Taking Beijing as a research case, this model was applied to a dataset of hours from January 2013 to February 2017 in Shunyi District, Beijing. Results show that:
- (1)
For a model based on deep learning, the parameters adjustment of the network framework is inevitable. In this paper, a large number of experiments and tuning tools are used to determine the parameters.
- (2)
The performance of the hybrid CNN-BiLSTM-Attention model proposed in this paper is better than the traditional models and machine learning models used to predict PM2.5 concentration. Additionally, it is better than the integration of the two models based on CNN and LSTM. This is due to the attention mechanism that can capture the degree of influence of the feature states at different times on the PM2.5 concentration. The attention-based layer can automatically weight the past feature states.
- (3)
The short-term (48 h) and long-term (72 h, 96 h, 120 h, and 144 h) predictions of the models carried out in this paper show that the prediction performance is the best in the next 48 h, with MAE, RMAE and R2 being 2.366 , 3.065 and 0.960, respectively. Additionally, the CNN-BiLSTM-Attention model predicts the next 144 h is still better than other models’ predictions for the next 48 h. Therefore, this hybrid model has good generalization ability and is also conducive to long-term dependence feature extraction.
The proposed CNN-BiLSTM-Attention model is an intelligent PM2.5 concentration prediction model based on the analysis and modeling of historical air quality data. It can help environmental protection agencies implement some measures to strengthen environmental protection. Meanwhile, it provides a reference for the measures taken by the transportation-related departments to reduce related gas emissions. The model established in this paper is closely related to reality, deeply analyzes and discusses PM2.5 issues, establishes a corresponding model, and analyzes the prediction accuracy so that the model has good versatility and generalization.

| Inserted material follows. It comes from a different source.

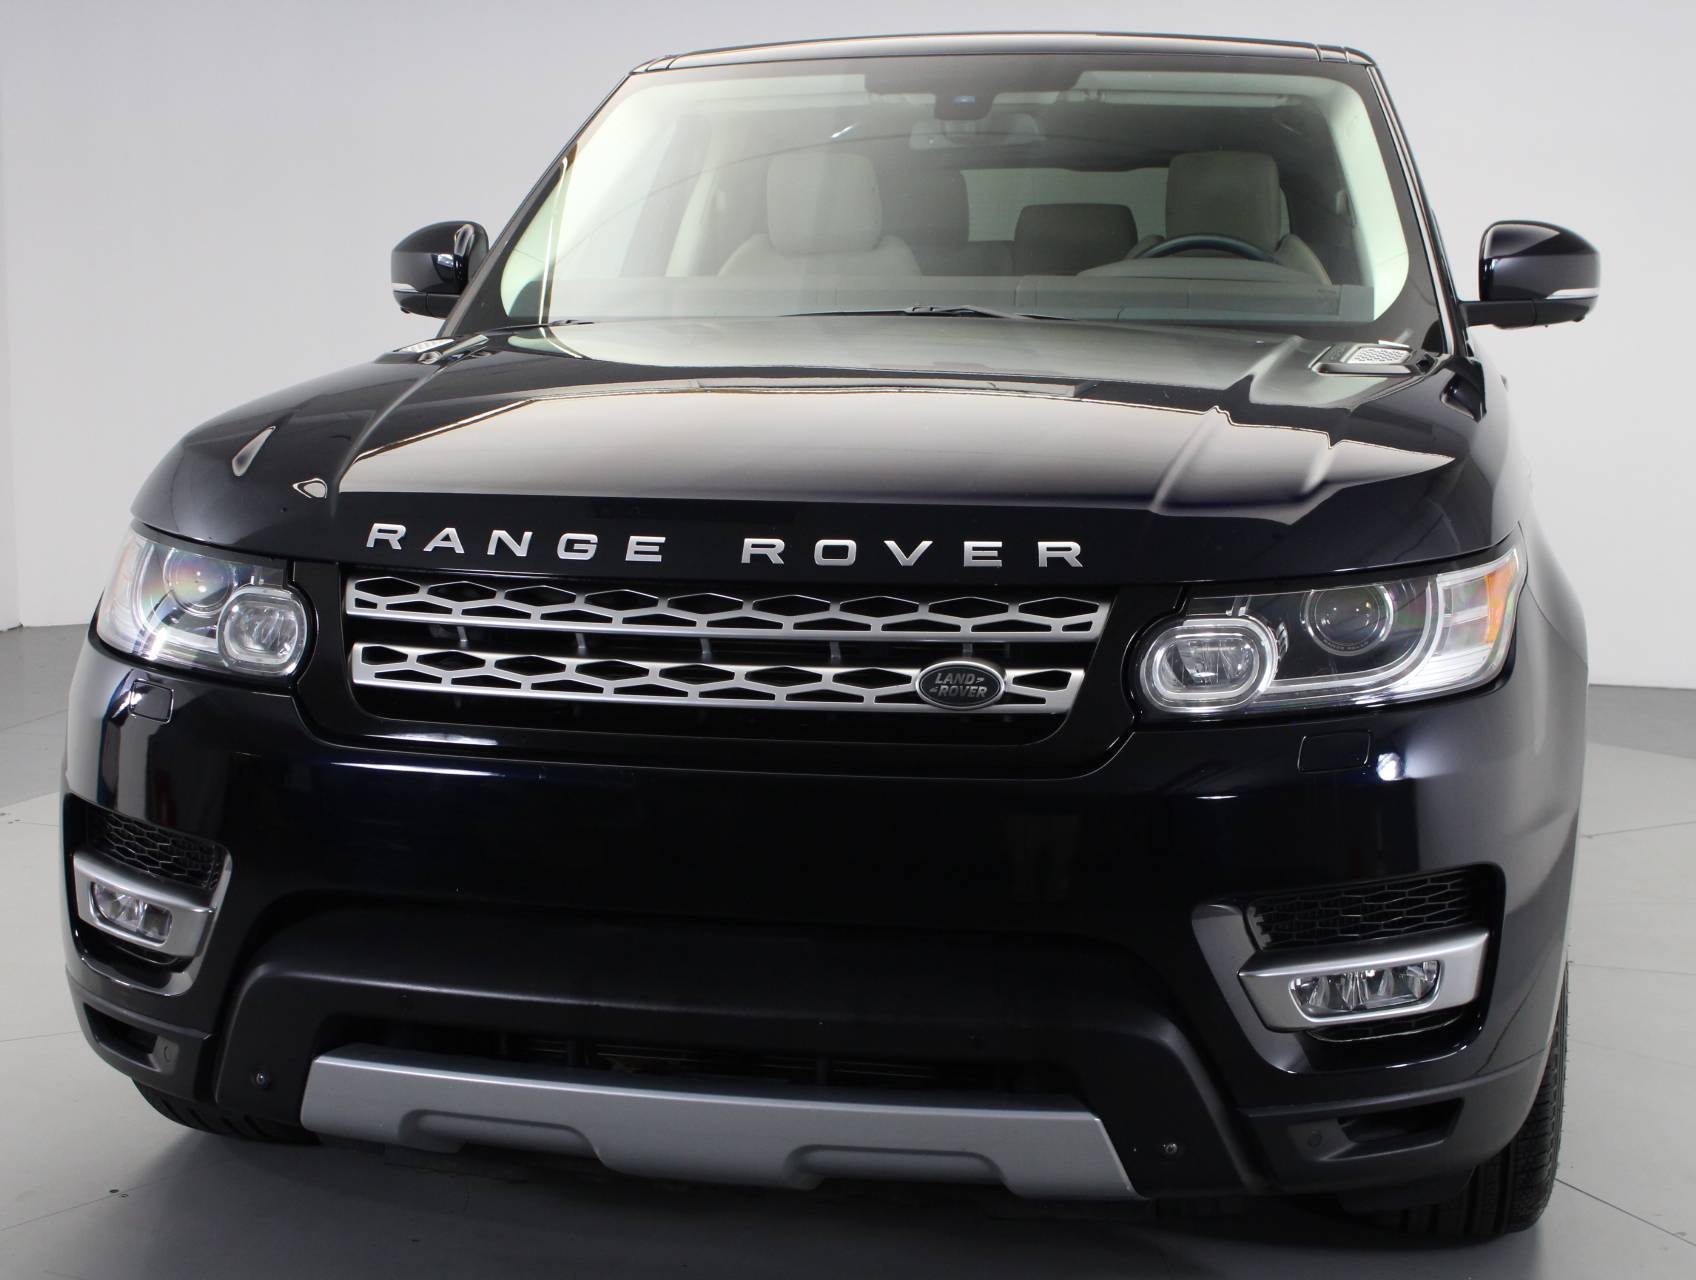 Florida Fine Cars - Used LAND ROVER RANGE ROVER SPORT 2015 WEST PALM Supercharged Hse

It can also be used to predict other pollutants. With the large-scale deployment of air quality monitoring stations, the prediction model in this paper has potential for application.
However, since air quality monitoring stations have only been deployed in recent years, the limitation of the amount of data may affect the training of the model. In the future, as more air quality monitoring stations are deployed, there will be longer periods of data to optimize the prediction model. In addition, the PM2.5 concentration is spatially related. In the future, PM2.5 concentration data from surrounding monitoring stations and related factors will be taken into consideration to further improve the prediction accuracy of the model.